A grasshopper-like insect notorious for the famine-inducing devastations they cause when, under certain environmental conditions, they form swarms of tens of millions individual insects that darken the sky and eat up everything edible in their way. As a result the locust is one of the most potent symbols of terror and divine pleasure in the Old Testament. It is difficult to say if it is significant but the insect is signified by ten different Hebrew words in the Old Testament, of which four appear together in a single verse in Joel 1:4 and 2:25!
The locust—katydid, cricket and the grasshopper—is listed in Lev 11:22 as clean and suitable for food. The NT prophet John the Baptizer is well known for his diet of "locusts and wild honey" (Matt 3:4; Mk 1:6).

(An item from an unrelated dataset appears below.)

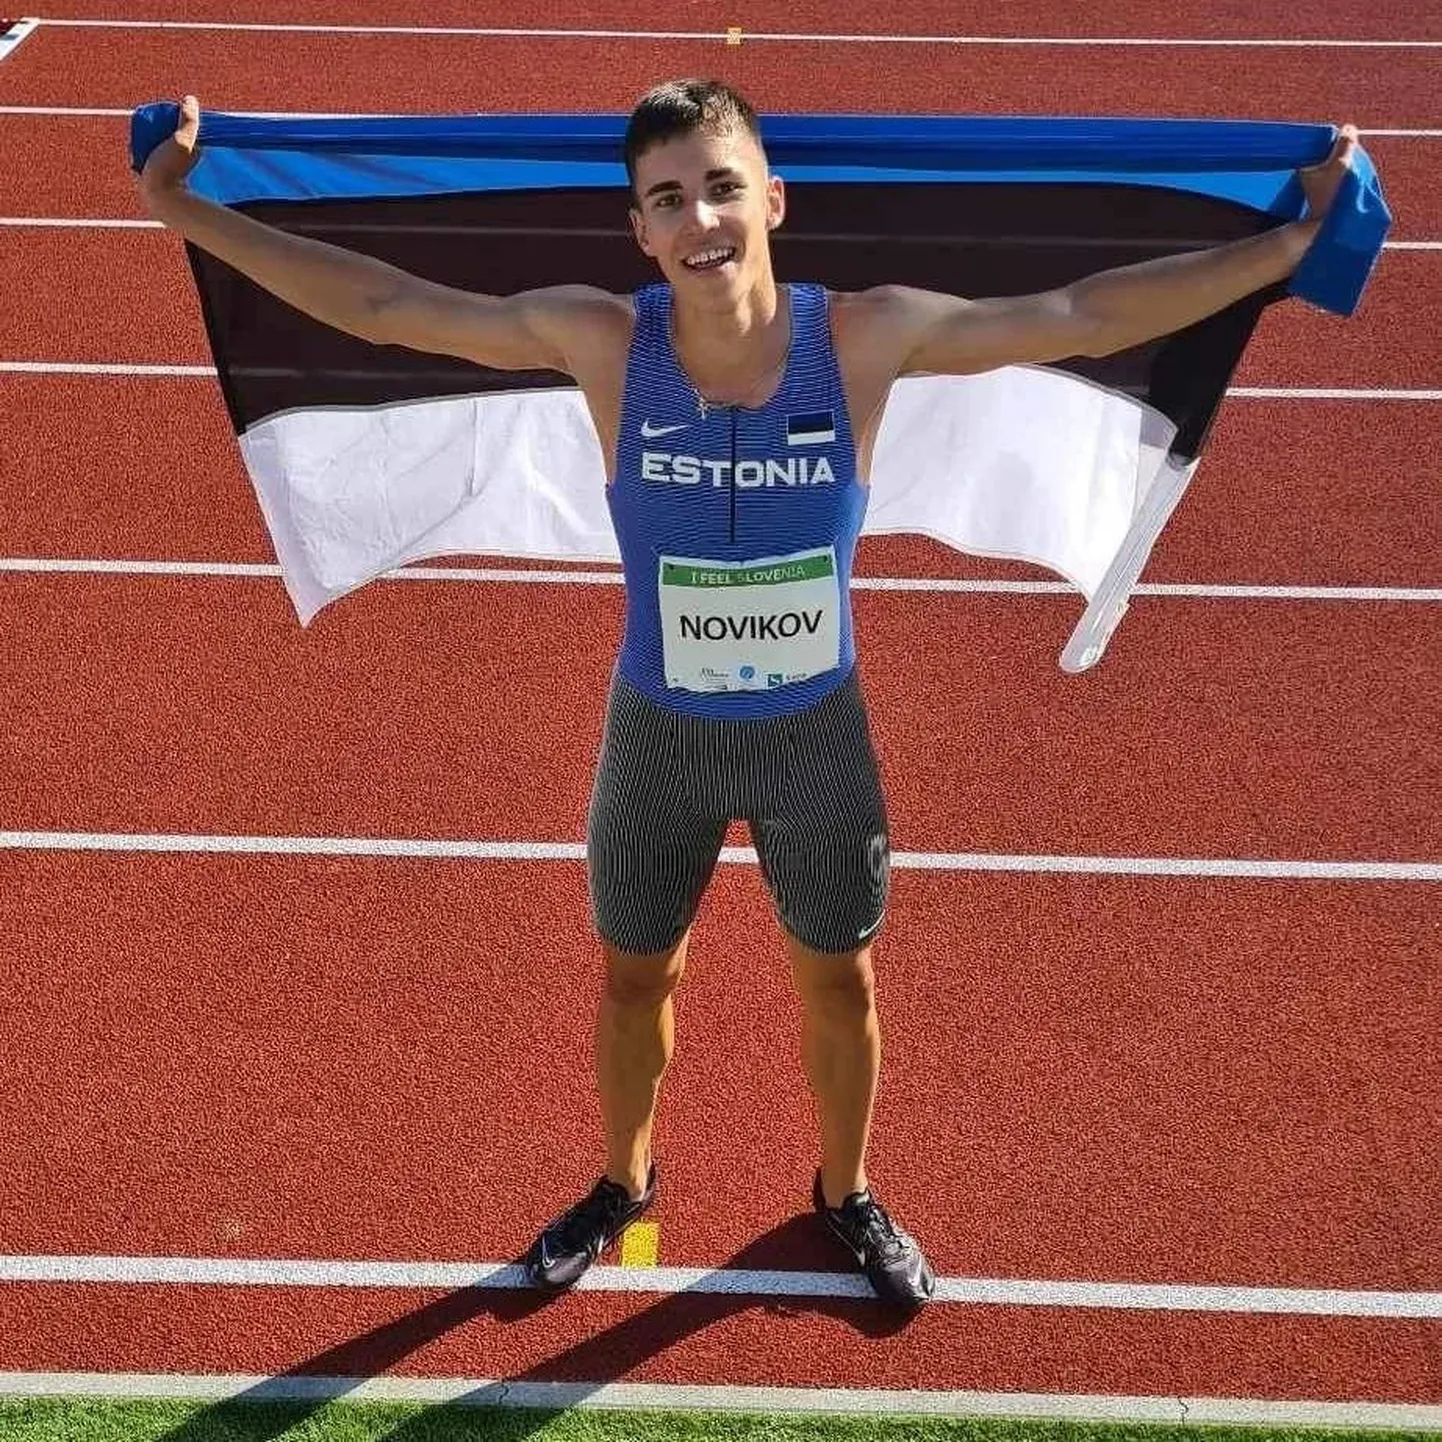 Радующийся бронзовой медали Савва Новиков после забега на стадионе "Марибора" поднял за плечами сине-черно-белый флаг.

While the word 'locust' is a general term representing many different species, there are, nearly ten Hebrew words translated "locust" in English: 'arbeh (from the Hebrew word for 'abundance,' Exo 10:40), tseltselim (from the onomotopoeia for 'whirring,' 'buzzing,' Deut 28:42), chasil (from the word for 'consume,' 1 Ki 8:37), chagab (from a root meaning 'cover,' 2 Chron 7:13), geb, gob, gobay (two different spellings) (Isa 33:4; Nah 3:17; Amos 7:1), yeleq (from a verb which means 'to lick up' or 'to lap up,' Jer 51:14, 27) and gazam (from a verb meaning 'to cut off,' Joel 1:4; 2:25, Amos 4:9).